"Effacer les hommes", c’est le titre du nouveau roman de Jean-Christophe Tixier. Il se passe dans l’Aveyron, dans un petit village au bord d’un lac artificiel, en août 1965. Ce roman raconte l’histoire tragique de femmes en quête de liberté.

"Effacer les hommes" de Jean-Christophe Tixier se situe au bord d'un lac artificiel de l'Aveyron en 1965
"Effacer les hommes" de Jean-Christophe Tixier se situe au bord d'un lac artificiel de l'Aveyron en 1965 © Getty / Francois LE DIASCORN/Gamma-Rapho

Août 1965, c’est juste un mois après le vote de la loi qui autorise enfin les femmes mariées à ouvrir un compte bancaire ou à signer un contrat de travail sans l’aval de leurs époux.

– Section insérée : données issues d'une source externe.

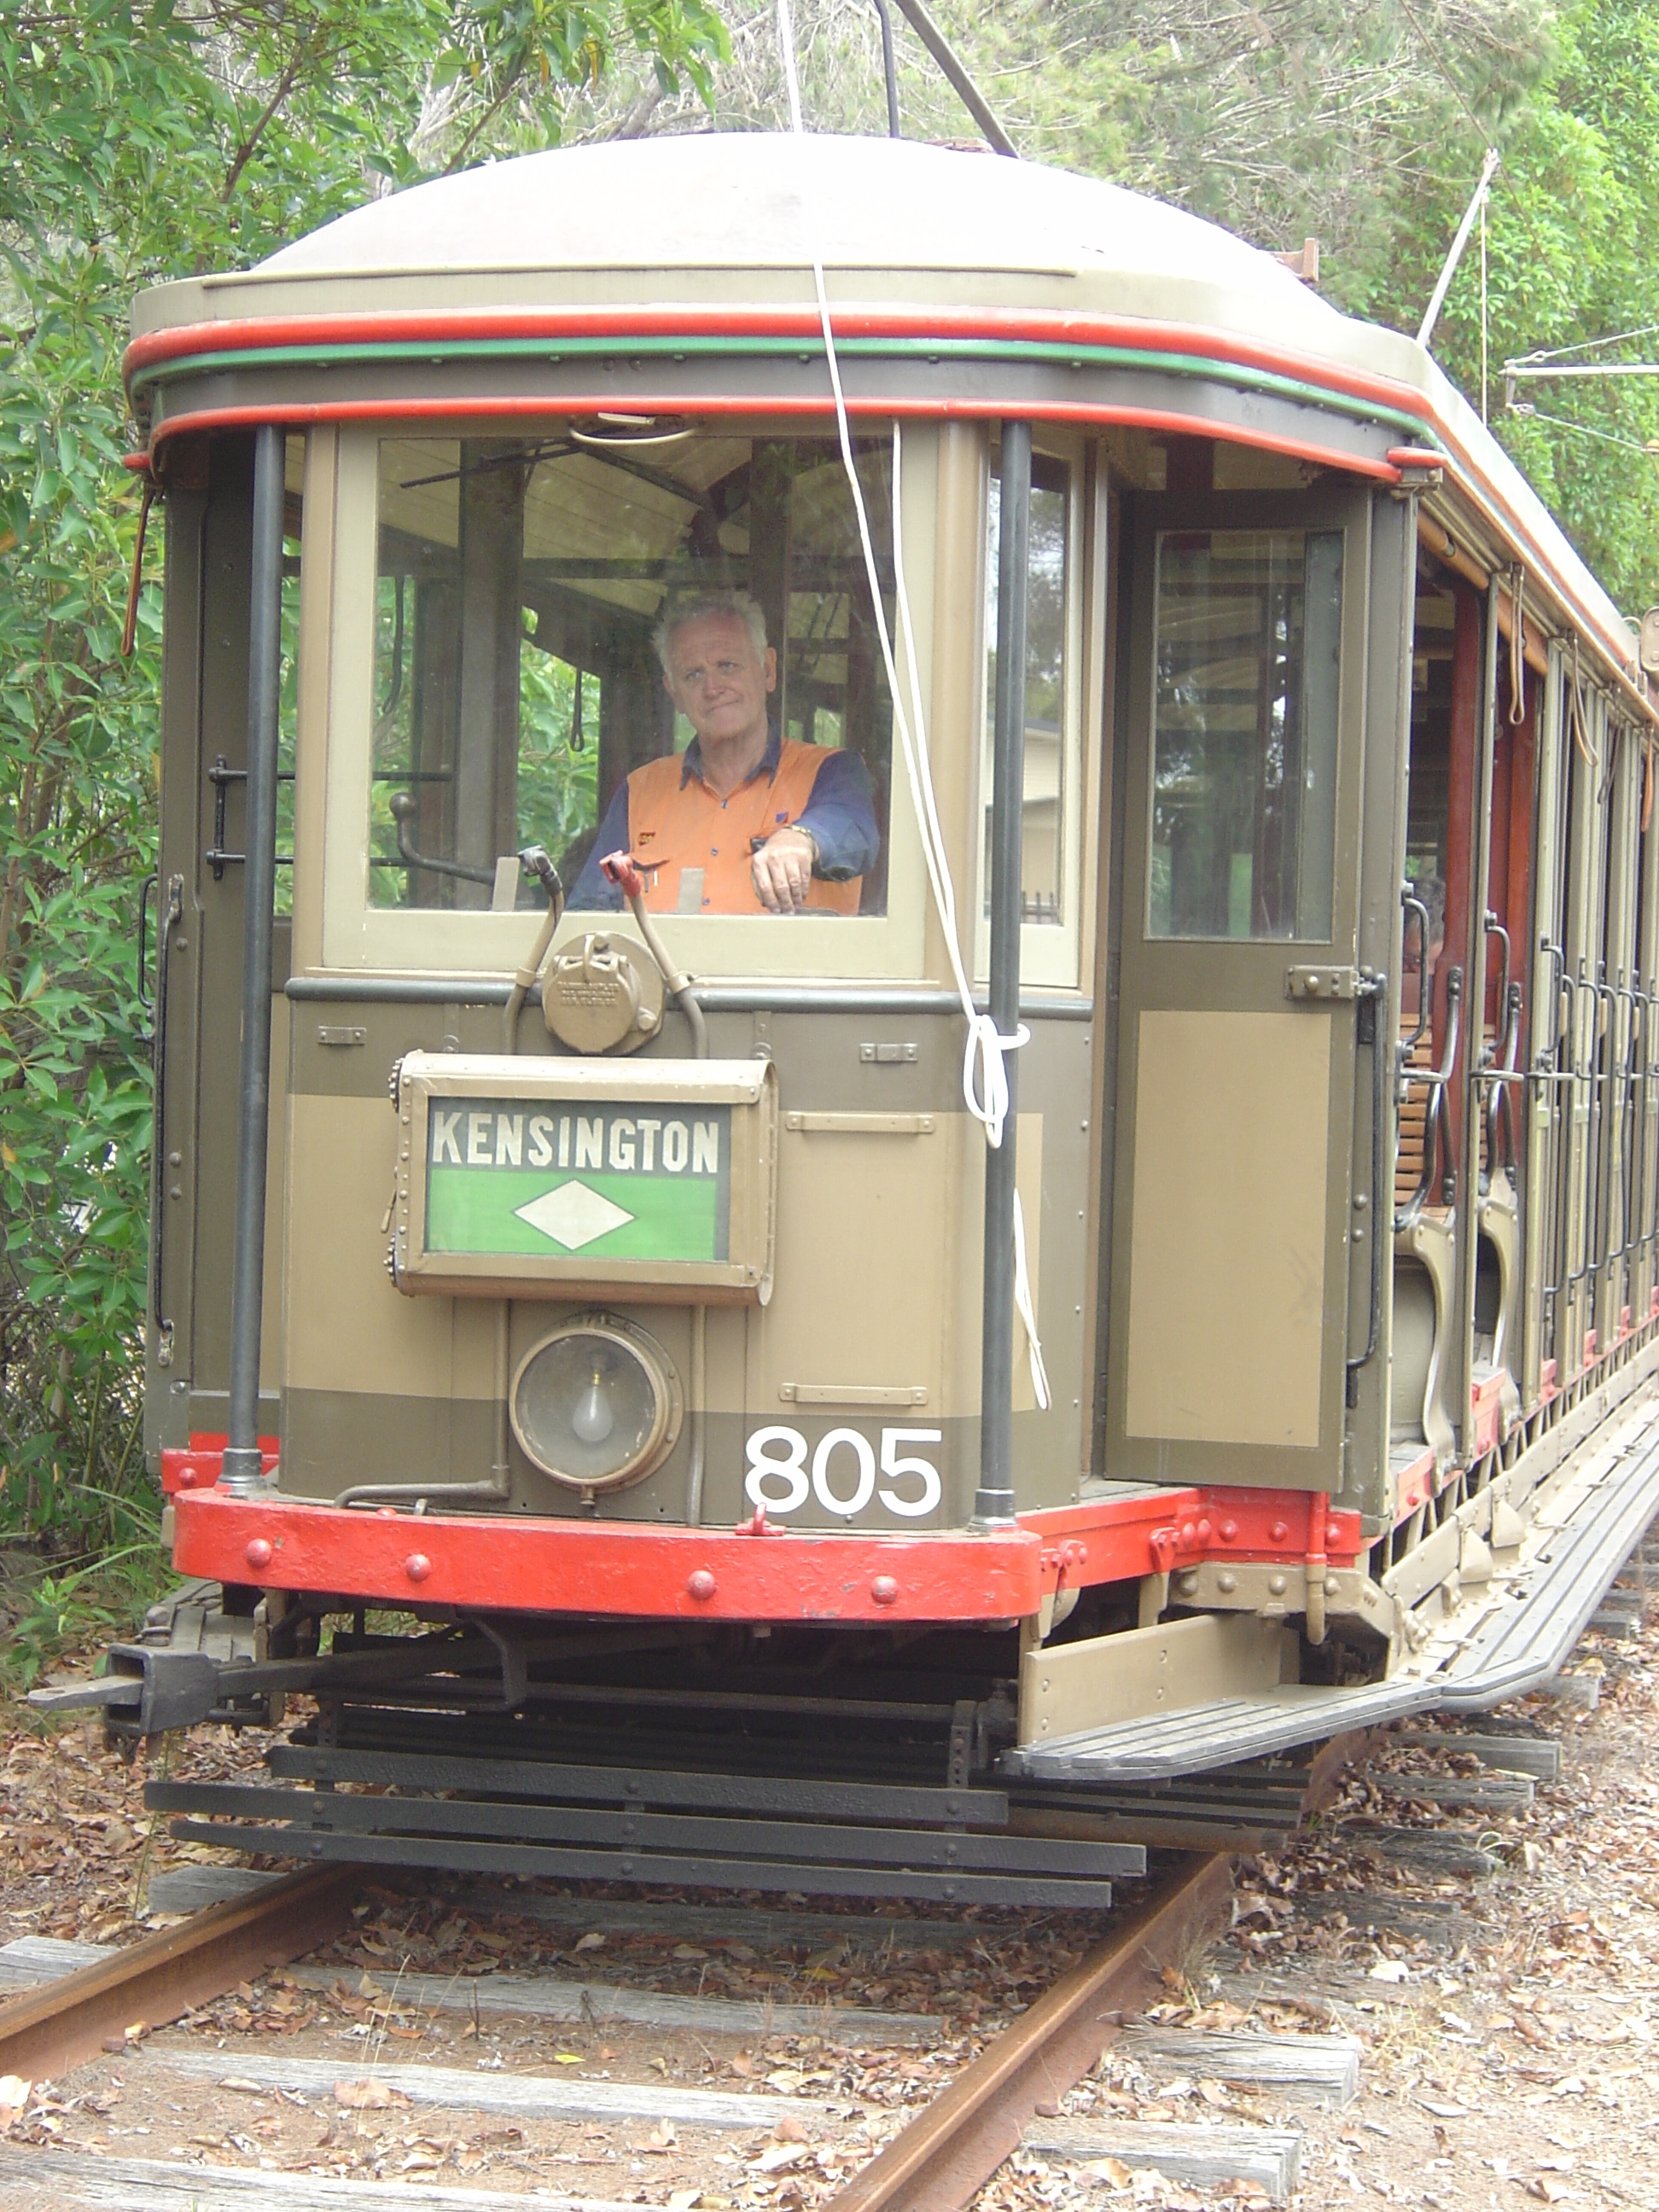 Sydney 'Toastrack' O-class tram by Meadowbank Manufacturing
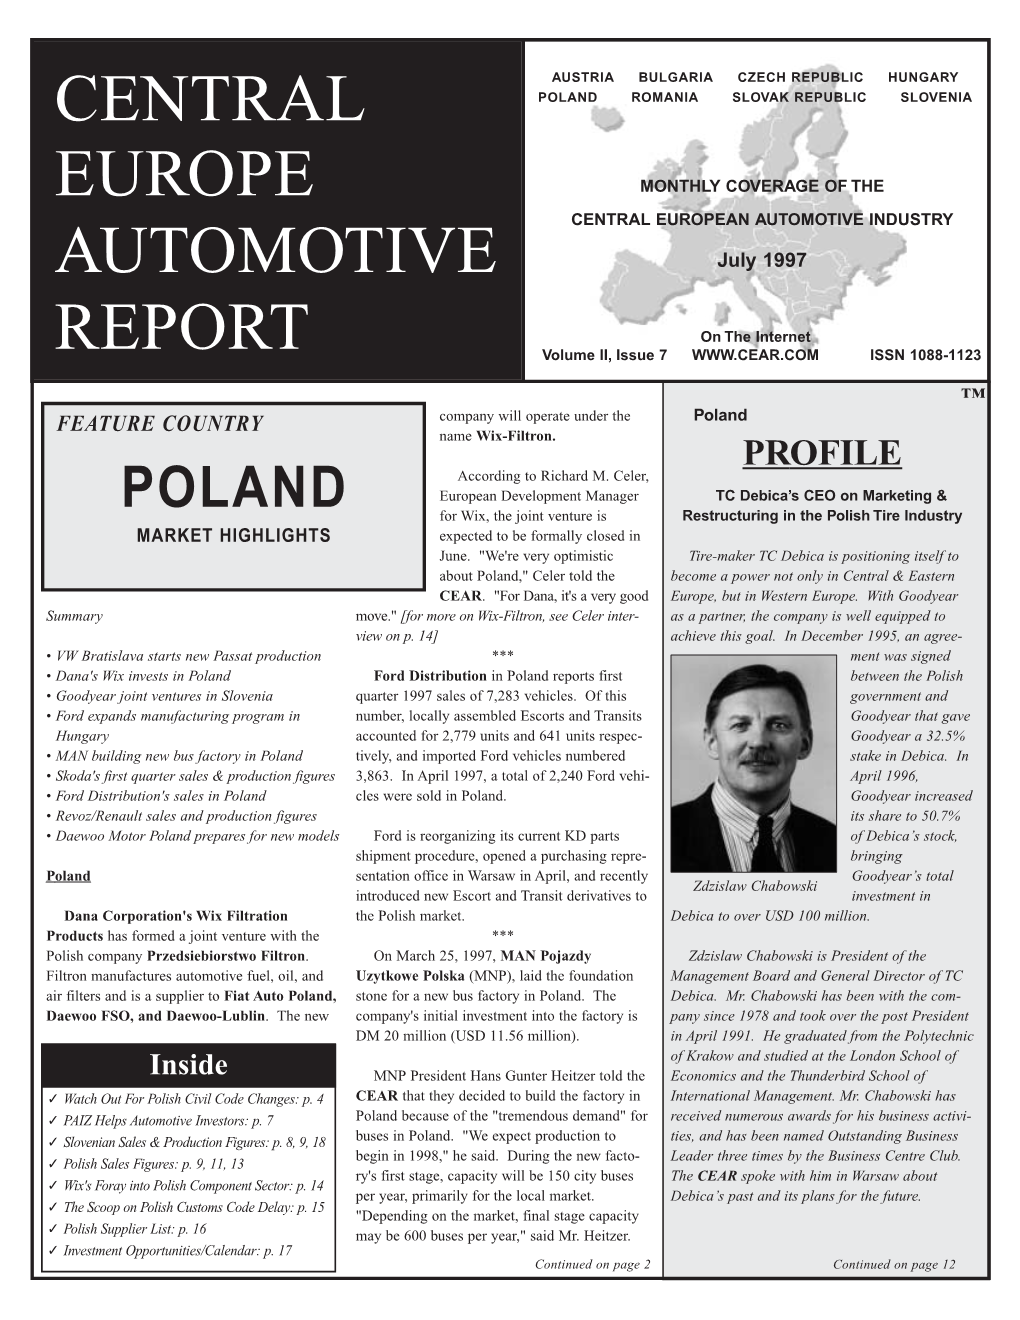 Central Europe Automotive Report

Voici donc une date importante dans l’émancipation juridique des femmes. Nous sommes au cœur des années 60, trois ans avant mai 1968. La légitimité du vieux monde patriarcal commence sa lente désagrégation.

Mais le roman se passe dans un petit village retiré où la tradition est encore forte, où l’on ne s’exprime guère, où l’on accepte la soumission : les hommes à leur terre qui les enchaîne et les femmes à leurs pères puis à leurs maris. Un monde où personne ne choisit réellement son destin.

C’est sur ce conflit que se construit le roman

Exactement. Effacer les hommes raconte le choc entre tradition, pulsion archaïque, et modernité. Une modernité portée par la culture populaire, la musique rock, le cinéma, la BD qui vont arriver jusqu’au petit village du livre où une jeune fille va se passionner pour la figure de Barbarella, héroïne d’une BD de SF créée en 1962 par Jean-Claude Forest. Et bientôt adaptée au cinéma par Roger Vadim avec Jane Fonda dans le rôle-titre.

Barbarella, femme du futur, libre et indépendante, va devenir un modèle pour l’héroïne du livre…

Quelle est précisément l’intrigue du roman ?

Elle se noue autour d’une auberge, au dessus d’un lac artificiel dont le barrage est en cours de vidange. Les touristes ont déserté, ne restent que quelques personnes.

Victoire, qui va mourir. Elle est venue là à l’été 36 et, pour ne pas retourner à l’usine, y est restée en épousant un viticulteur, un veuf beaucoup plus âgé qu’elle, qui lui a acheté l’auberge, instrument de son émancipation.

Eve, sa nièce, qui n’est pas encore majeure et rêve de s’enfuir, de prendre son destin en main. Comme l’a fait sa tante. Comme le symbolise Barbarella dont elle lit et relit les d’aventures.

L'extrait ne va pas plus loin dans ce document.